Some 321,000 Israelis work in the field, accounting for 9.2 percent of all workers, in an 8% increase over 2018. The number of unfilled positions also marked an 8% increase over the previous year.

To address the workers shortage, Israeli companies are increasingly turning to offshoring — transferring jobs to third parties in other countries. Twenty-seven percent of companies reported offshoring, representing a 5% increase over the previous year. Half of those companies said they had started offshoring in the past two years. The most popular country for offshoring, by far, was Ukraine, followed by the US, Bulgaria and India.

Companies, especially smaller ones, are reluctant to hire “junior” employees with less than two years of relevant work experience, regardless of their academic background. The vast majority of these workers come from universities, but a small number come from the military and from training boot camps.

A high level of voluntary departures — 10.2% — suggests that it is an “employees” market and workers are willing to leave their jobs to find better ones.
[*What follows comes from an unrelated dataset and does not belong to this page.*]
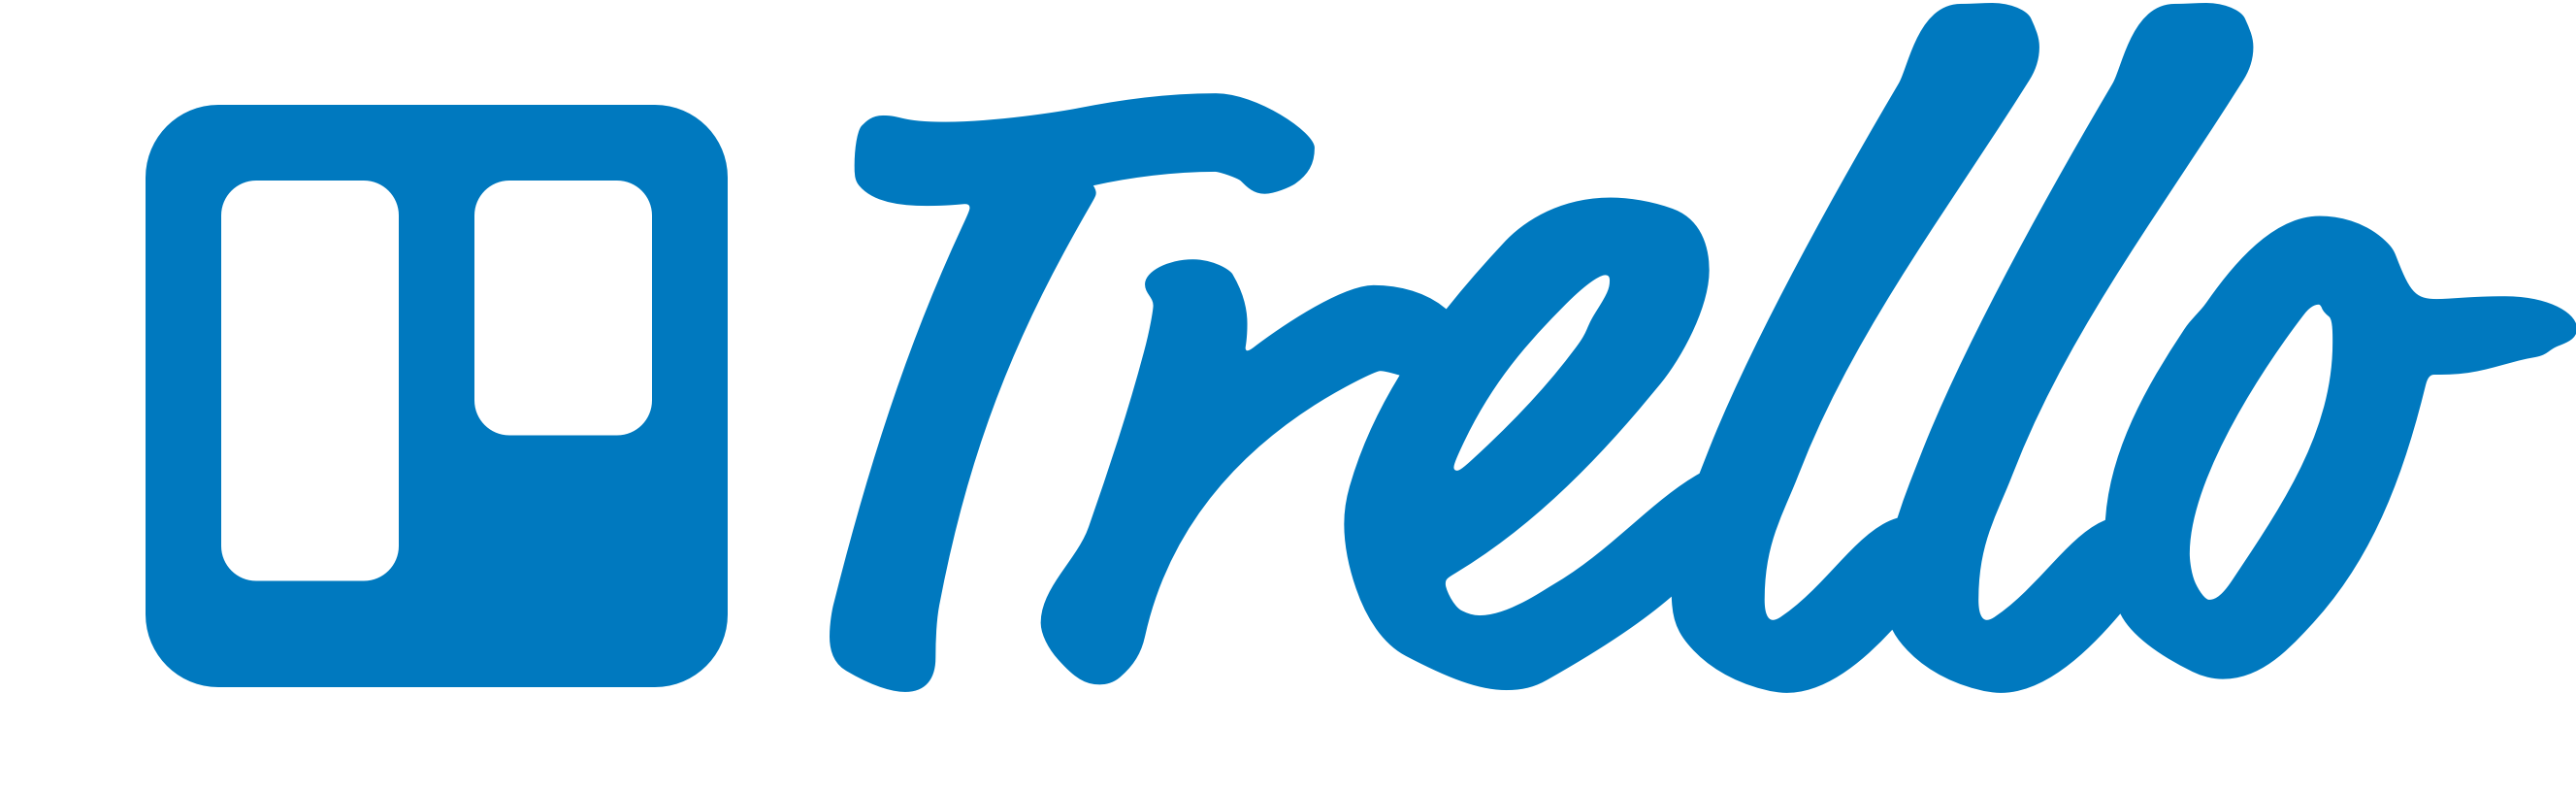 trello-logo-blue (1)-2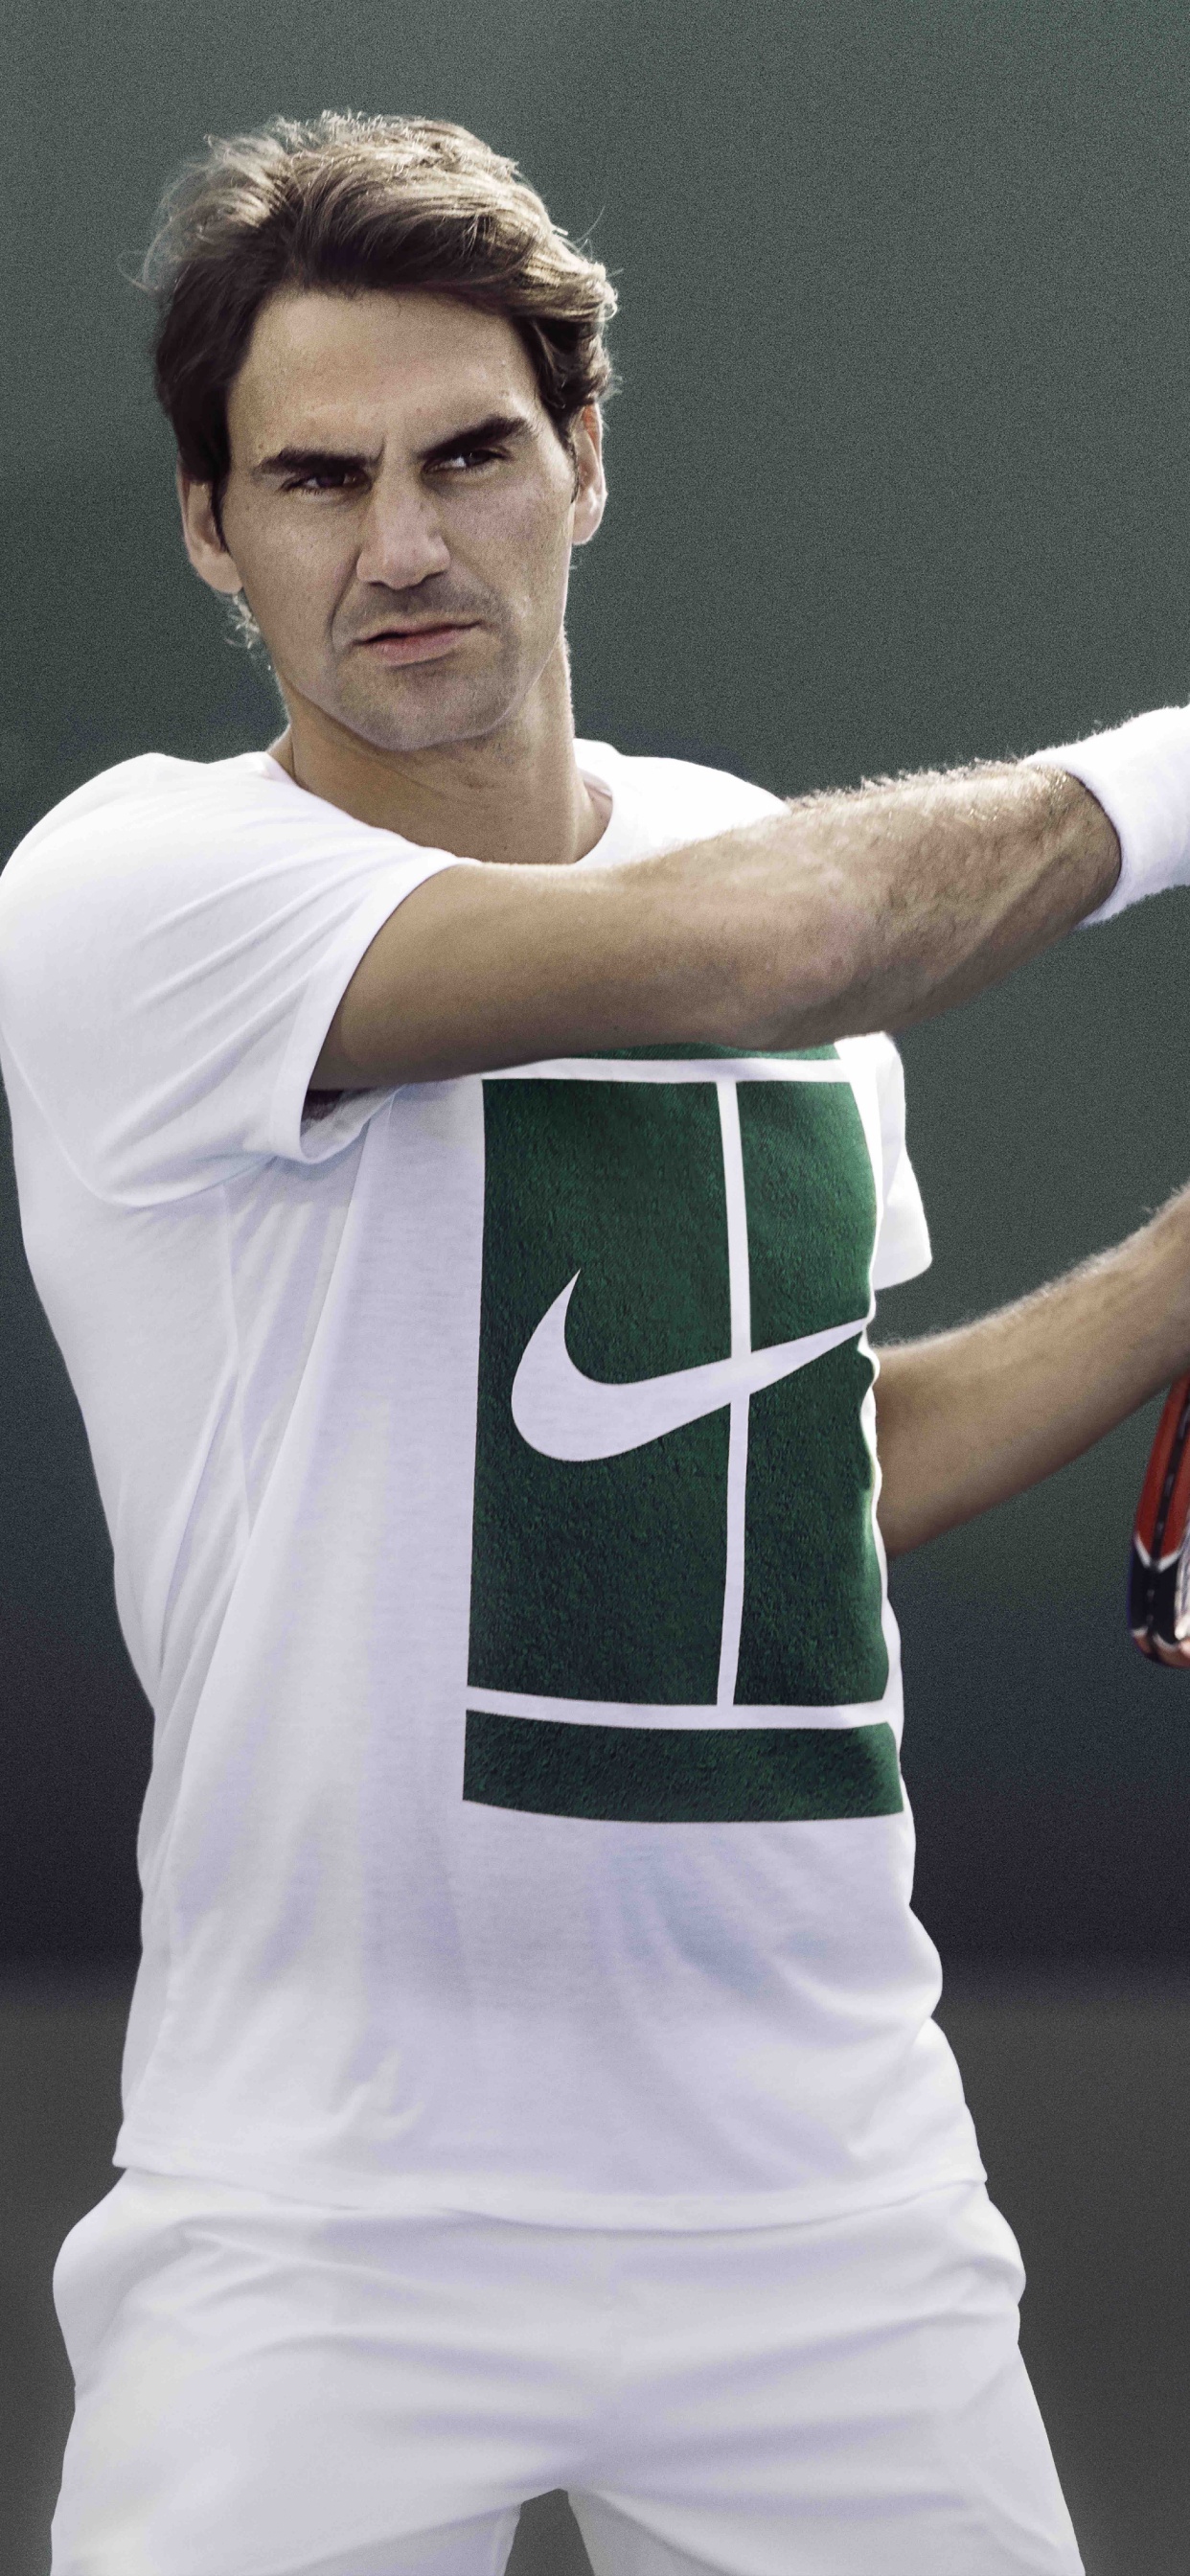 Homme en Chemise Jersey Nike Vert et Blanc Tenant Une Raquette de Tennis Rouge et Blanc. Wallpaper in 1242x2688 Resolution

The Tel Aviv office of Israeli startup Cortica; Feb. 12, 2019 (Shoshanna Solomon/Times of Israel)

The most in-demand tech workers were specialists in cyber algorithms, and data scientists. Seven out of ten workers in the high tech industry were in tech positions, as opposed to non-technical jobs, like human resources.

As of 2018, the average salary in the industry was NIS 22,479 ($6,570) a month before taxes, while the average for other jobs, excluding the tech industry, was NIS 9,345 a month. The average salary in the industry also grows faster, increasing by 27% in six years, compared to 15% for the rest of the economy. The high wages are also a product of the shortfall in qualified employees.

The share of women in the industry remained stagnant in 2019, standing at about one third of all workers, with the number actually dropping for high tech and technology management positions.

In older cohorts, there are fewer women, likely because of children, the report said. The percentage of women in the workforce drops in the 25-44 age range, but appears to stabilize after age 35, suggesting that women who remain in the industry during early parenthood are likely to stay in the field.

The report said minority groups continued to be under-represented, but there are indications that they are becoming more involved in the high tech workforce.

Illustrative: The DLD Tel Aviv Digital Conference, Israel’s largest international tech gathering, September 27, 2016. (Miriam Alster/Flash90)

Two-thirds of all high tech workers are non-Orthodox Jewish men. Some 5% are Arabs or ultra-Orthodox, although these groups saw a 14% increase in the workforce from 2017 to 2018. Most of the ultra-Orthodox in the field are women.

The proportion of Arabs is small, but trending upward, and a growing number are enrolling in high tech studies at universities. The percentage of Arabs jumped 116% between 2012 and 2018.

The shortfall in skilled human capital has drawn public attention in recent years, spurring government and private efforts to address the shortage, especially among underrepresented populations.

“The ‘bring a friend’ referral method was an efficient way to recruit employees in the early decades of Israeli high-tech, but now there is a clear need to break past familiar boundaries and recruit employees from diverse backgrounds as well, beyond 8200 Unit or university graduates,” said Start-Up Nation Central CEO Prof. Eugene Kandel. “Policies encouraging women and other sectors of Israeli society to join the unprecedented success of the high tech industry must be set. Companies that fail to adopt this approach will restrict themselves to a limited supply of employees and miss out on quality talent pools.”

The number of multinational research and development centers in Israel surged by 143% in 2019. Foreign experts account for less than 1% of the workforce.